3.1.4. Specially Shaped Electromagnet Actuators

Some specially shaped actuators fundamentally operate on the same principle as electromagnets. Chen, S. Q. [104] studied an innovative isolation system and dynamic control challenges. Chang, K. N. [105] developed a compact magnetic pneumatic isolation platform, using electromagnetic coils to produce attractive interactions counteracting the pneumatic thrust load. The platform minimizes axial bearing stiffness and precisely controls the platform’s axial position. Mofidian, S. M. M. [106] proposed an isolation system combining elastic and MSs with viscous and magnetic damping, as shown in Figure 13, where the arrangement of magnets results in a negative linear stiffness. The dynamic characteristics of the vibration isolator were extensively analyzed through both experimental measurements and model simulations. Displacement transmissibility versus frequency was evaluated at acceleration levels of 1.0 g and 0.25 g [m/s²], employing both the harmonic balance method (HBM) and the 4th-order Runge–Kutta (RK) numerical method for model simulations. The results demonstrated the isolator’s efficacy in attenuating vibrations above 11.91 Hz when subjected to an excitation of 0.25 g [m/s²]. Notably, the isolator incorporated a novel eddy current damper, rendering it both oil-free and leakage-free, thus enhancing its practical applicability and maintenance profile.

3.2. Linear Motors

Linear motor actuators are excellent for active vibration isolators, effectively performing single-DOF actuation tasks. Currently, coreless voice coil motors are widely adopted.
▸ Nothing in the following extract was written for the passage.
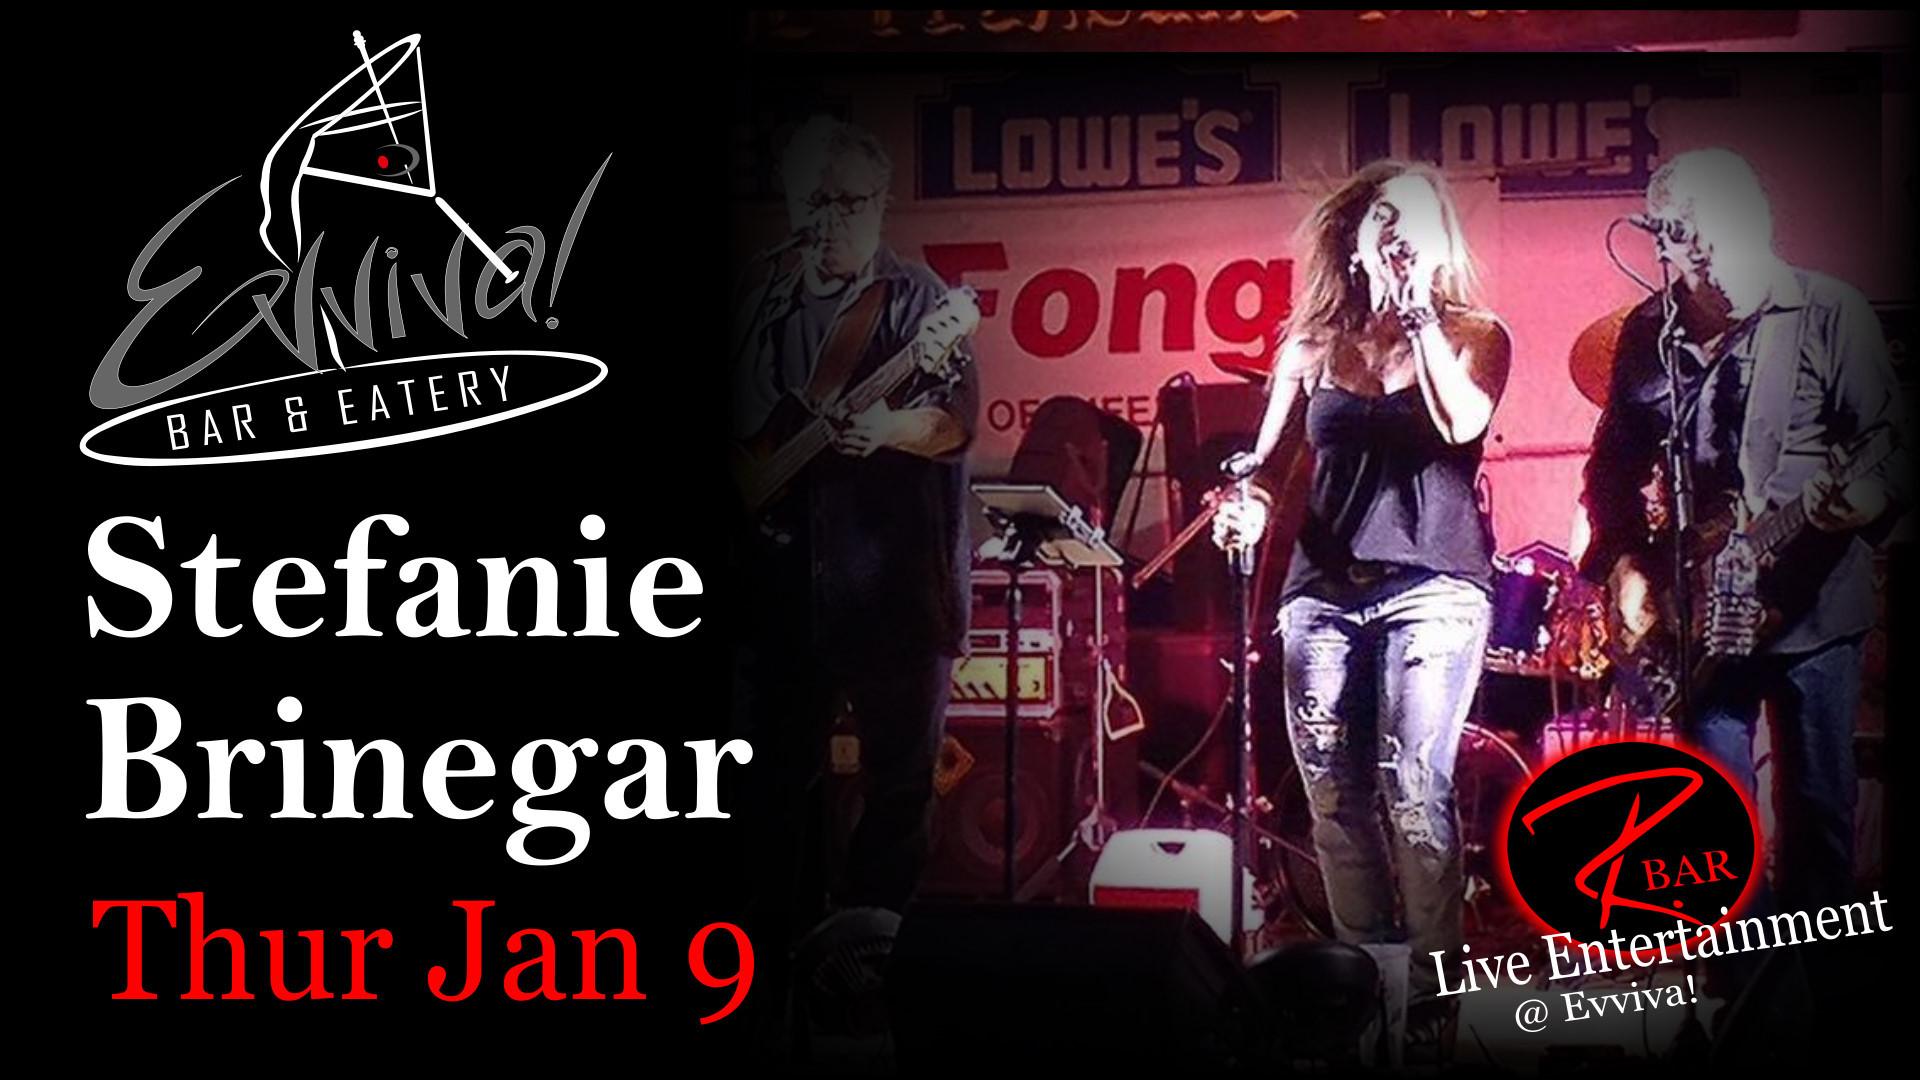 Stefanie Brinegar - Live Entertainment @ Evviva! Bar & Eatery

3.2.1. Traditional Dual-Sided Voice Coil Motors

Wu, Q. Q. has frequently applied traditional bilateral voice coil motors as Lorentz force actuators in magnetic levitation isolation platforms. In [107], a magnetic levitation actuator with excellent linearity was designed, and its essential characteristics were obtained through the FEM, as shown in Figure 14. By altering the actuator‘s arrangement, active isolation platforms for different payload scales were designed, and actuator characteristic verification experiments were conducted. The linearity of the actuator and the mechanical dynamic response of the platform were obtained. The experimental results highlight the effectiveness of the proposed design. In [108], the motor’s structure was designed to achieve better performance, and a optimization was devised to maximize thrust while minimizing conductor mass.
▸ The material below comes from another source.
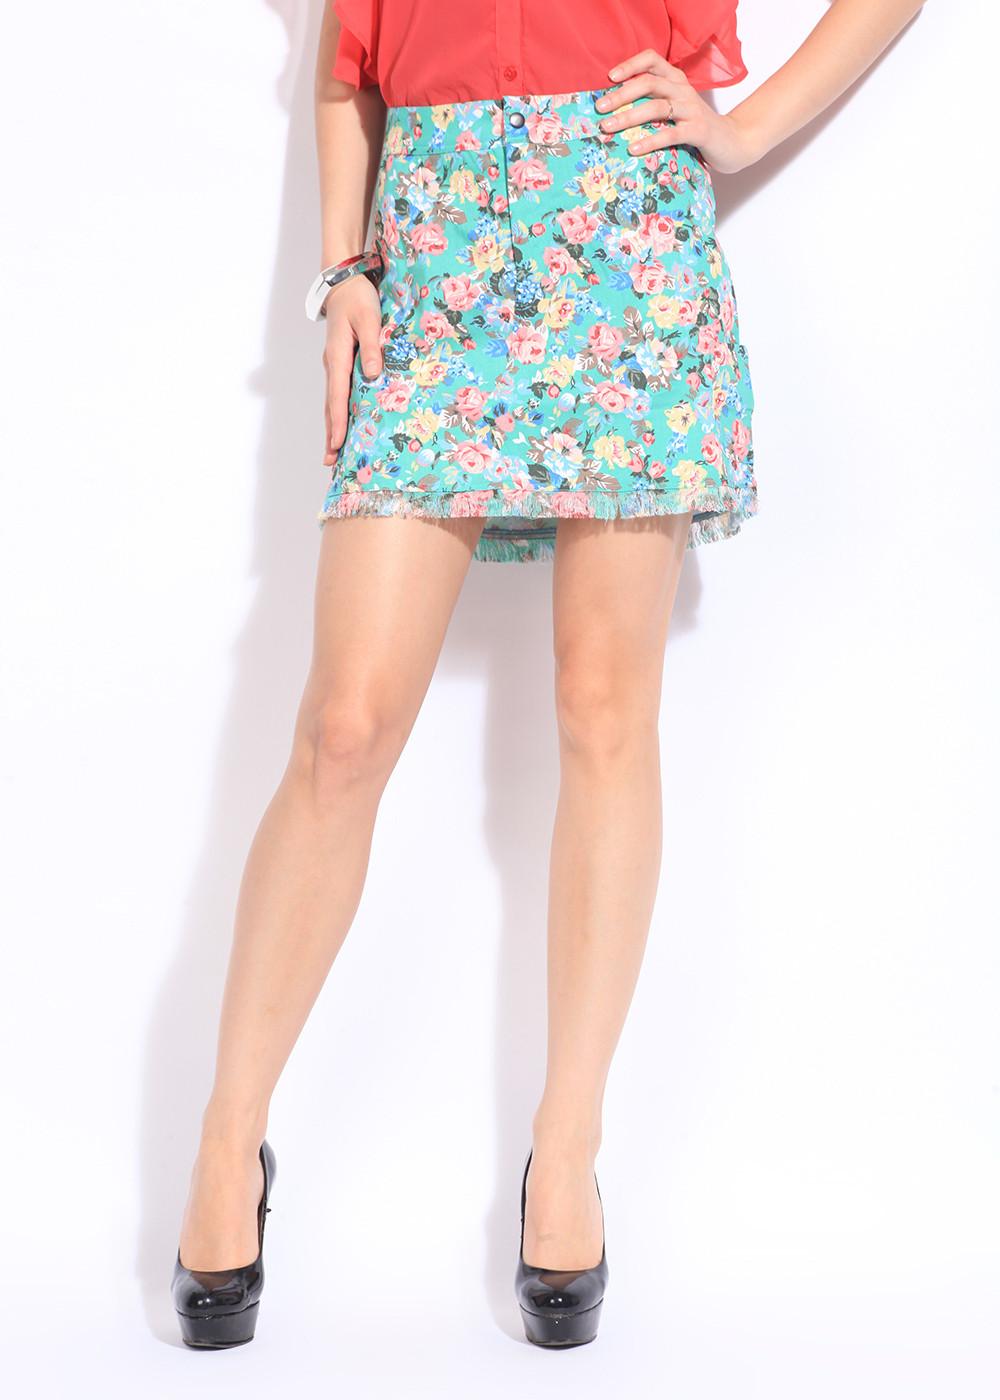 Remanika Floral Print Womens Green, Pink Skirt

Kremers, M. F. J. and Janssen, J. L. G. have also conducted relevant research. In [109], the influence of crucial design variables on the motor’s characteristics with vertically magnetized magnets and quasi-Halbach magnetized arrays was studied, modeling performance through formulations for spatial magnetic flux distribution. In [110], the designed voice coil motors operated parallel with passive isolators, providing the necessary stability and active isolation.

Additionally, studies [111,112,113,114] have also employed traditional bilateral voice coil motors as actuators for active isolation systems.

3.2.2. Special Voice Coil Motors

Zhou, Y. has designed several voice coil motors with diamond-shaped PM arrays for magnetic levitation positioning systems [115,116], as shown in Figure 15. The unique stator magnetic structure gives the mover a hyperbolic magnetic field, offering superior force consistency, enhanced thrust density, and favorable production feasibility. They introduced the basic structure and working principle of the proposed motor. Using the equivalent current model, they derived expressions for the flux distribution, force, and torque. Experimental results demonstrated the excellent performance of this voice coil motor.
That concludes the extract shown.